I'm interested in computing a modified profile likelihood and came across the stably adjusted profile likelihood proposed by Barndorff-Nielsen and Cox in their book 'Inference and Asymptotics' which can be found on page 270-271. However the notation is quite confusing and the examples are not so helpful in this regard.

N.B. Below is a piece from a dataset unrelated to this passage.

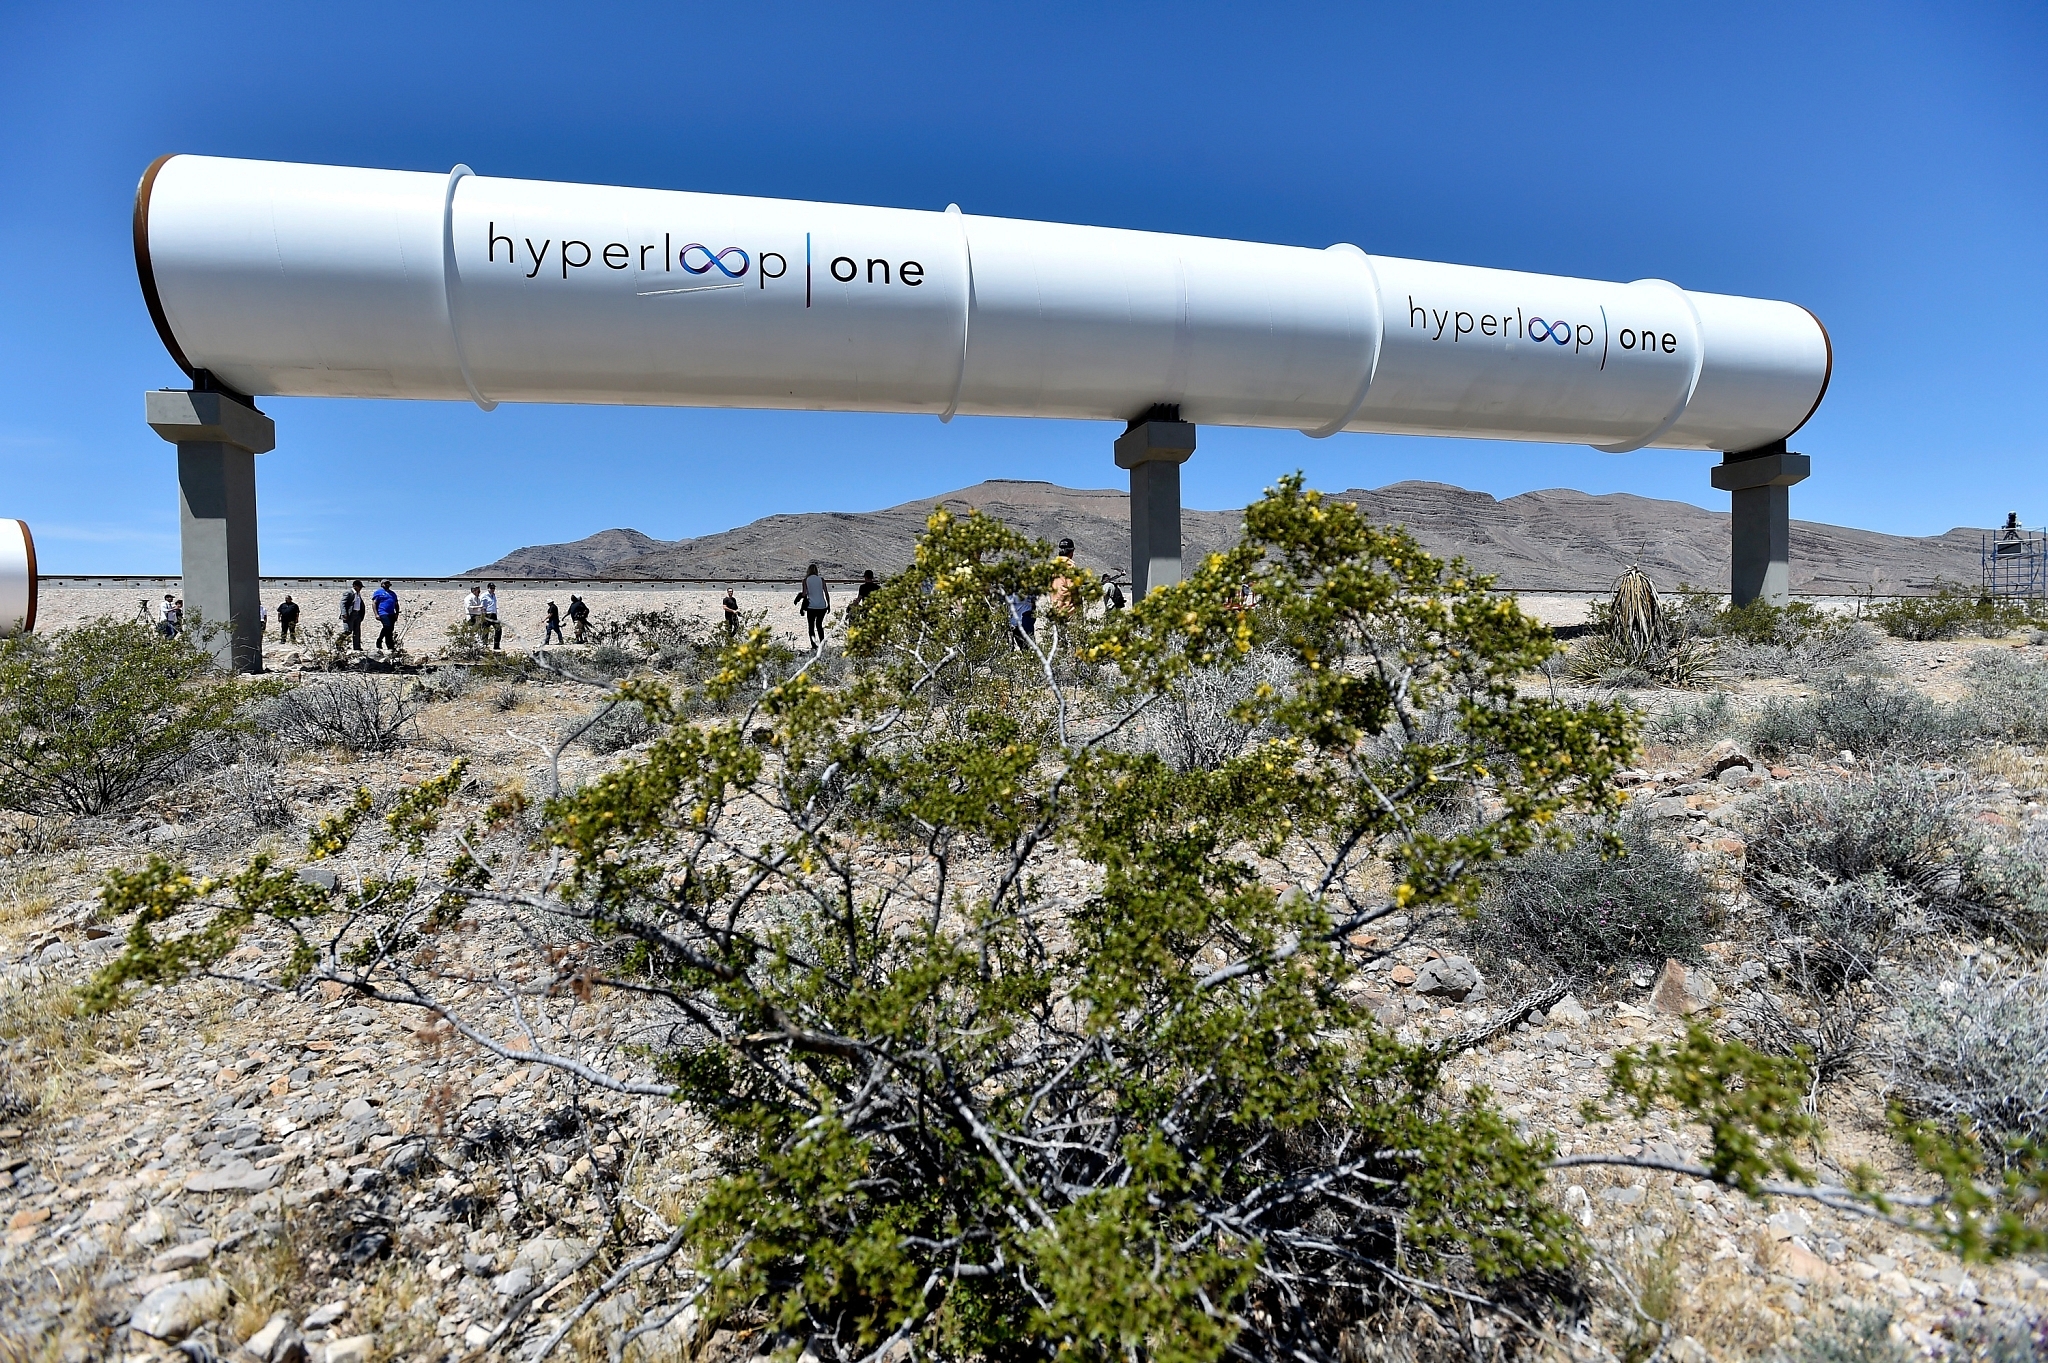 Virgin Hyperloop One’s test track in Las Vegas, Nevada

So, suppose we have have a parameter vector that can be partitioned as $(\psi, \chi)$, where $\psi$ is the parameter of interest and $\chi$ is a vector of nuisance parameters. Let $\hat{\chi}_{\psi}$ be the value of $\chi$ that maximizes the likelihood for a fixed $\psi$ so that $\ell (\psi, \hat{\chi}_{\psi})$ is the profile log-likelihood function. Also let $i_{\chi\chi}$ and $j_{\chi \chi}$ denote the corner of the Fisher and observed information matrix respectively corresponding to the nuissance parameters. Then, the authors propose the following modification to the profile likelihood: $$ L_{A}^{*} = \left\{ \frac{|i_{\chi\chi}(\psi, \hat{\chi}_{\psi})|}{|j_{\chi\chi}(\psi, \hat{\chi}_{\psi})|} \right\}^{1/2}\exp\left\{g_{0}(\psi)\right\}L_{p}(\psi) $$
Where, $$ g_{0}(\psi) = \int_{\hat{\psi}}^{\psi}h(\psi, \hat{\chi}_{\psi}) d\psi $$ and, $$ h(\psi, \chi)=tr\left\{ i_{\chi\chi}^{-1}(\psi, \chi) H_{\chi\chi\psi} \right\} $$ $$ H_{\chi\chi\psi} = i_{\chi\psi/\chi}-i_{\chi\chi/\chi}i^{-1}_{\chi\chi}i_{\chi\psi}-\frac{1}{2}(i_{\chi \chi/\psi}-i_{\chi\chi/\chi}i^{-1}_{\chi\chi}i_{\chi\psi}) $$
Now, earlier in the book they define the notation $\theta_{/\lambda} = \frac{\partial\theta}{\partial\lambda}$. If $\chi$ is a vector and $i_{\chi\chi}$ is a matrix then presumably $i_{\chi\chi/\chi} = \frac{\partial i_{\chi\chi}}{\partial \chi}$, which is the derivative of matrix with respect to a vector, and the result would be a tensor. But then the multiplications with $i^{-1}_{\chi\chi}$ are not well-defined. So I guess my question is how to interpret the notation for $H_{\chi\chi\psi}$ and carry out the computation?
EDIT: The same formula for $H_{\chi\chi\psi}$ appears in the paper below, but again, there is no explanation of the notation.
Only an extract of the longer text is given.